How can spectrum of DTFT of sampled band-limited analog signal be in $[-\pi,\pi]$

Question

Say the analog signal $x(t)$ and its spectrum $X_a(\Omega)$. After sampling with frequency $F_s$ or sampling period $T$ we get

$$x[n] \triangleq x(nT) = x\left(\frac{n}{F_s}\right)$$

and its spectrum $X_d(\omega)$.

The relationship between the two spectrums is

$$X_d(\omega) =\frac1T \sum ^{\infty}_{n=-\infty}X_a\left(\frac{\omega + 2\pi n}{T}\right)$$ $$\omega=T\Omega$$

For band-limited analog signal having spectrum in range $[-B,B]$. $X_a(\Omega)=0$ for $|\Omega| \geq B$ if $F_s$ is above Nyquist rate then $$X_d(\omega) =\frac1T X_a(\Omega)$$

For digital signal, its frequency is restrict in $[-\pi,\pi]$ but not the case of analog signal. The equation above means that $X_d(\omega)$ is not restricted in $[-\pi,\pi]$

Answer 1

The DTFT $X_d(\omega)$ of a discrete-time signal is periodic with period $2\pi$, so it's sufficient to consider the interval $[-\pi,\pi]$. "Restricted" to this interval means that due to the inherent periodicity there can be no new frequency components outside the interval $[-\pi,\pi]$. Of course, $\pi$ corresponds to half the sampling frequency.

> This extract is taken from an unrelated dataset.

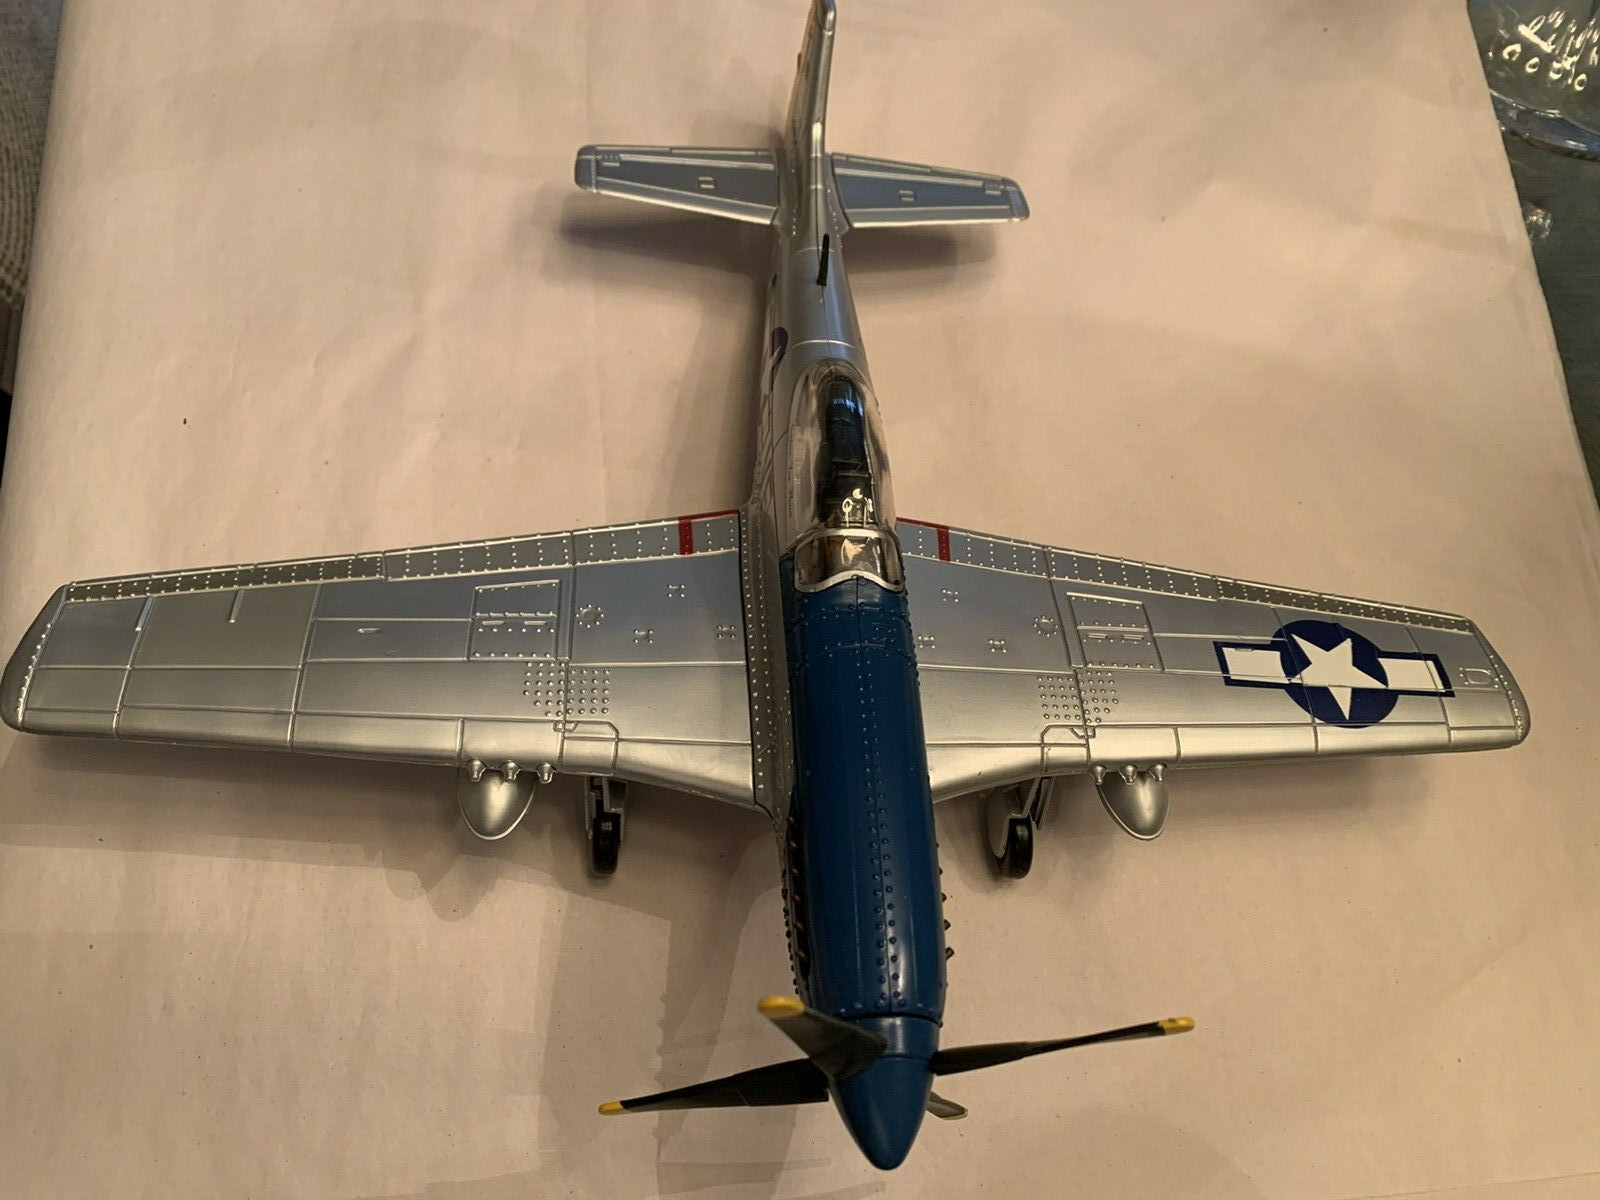 Ultimate Soldier 1:32 P-51 Mustang, Cpt. Phares, Samantha Payton, No. 20340

If $X_a(\Omega)$ is the spectrum of a band-limited continuous-time signal, and if the sampling frequency is greater than twice the band-width, then the equality

$$X_d(\omega)=\frac{1}{T}X_a\left(\frac{\omega}{T}\right)$$

holds in the interval $[-\pi,\pi]$. Outside that interval, $X_a(\Omega)$ is zero, and $X_d(\omega)$ is continued periodically.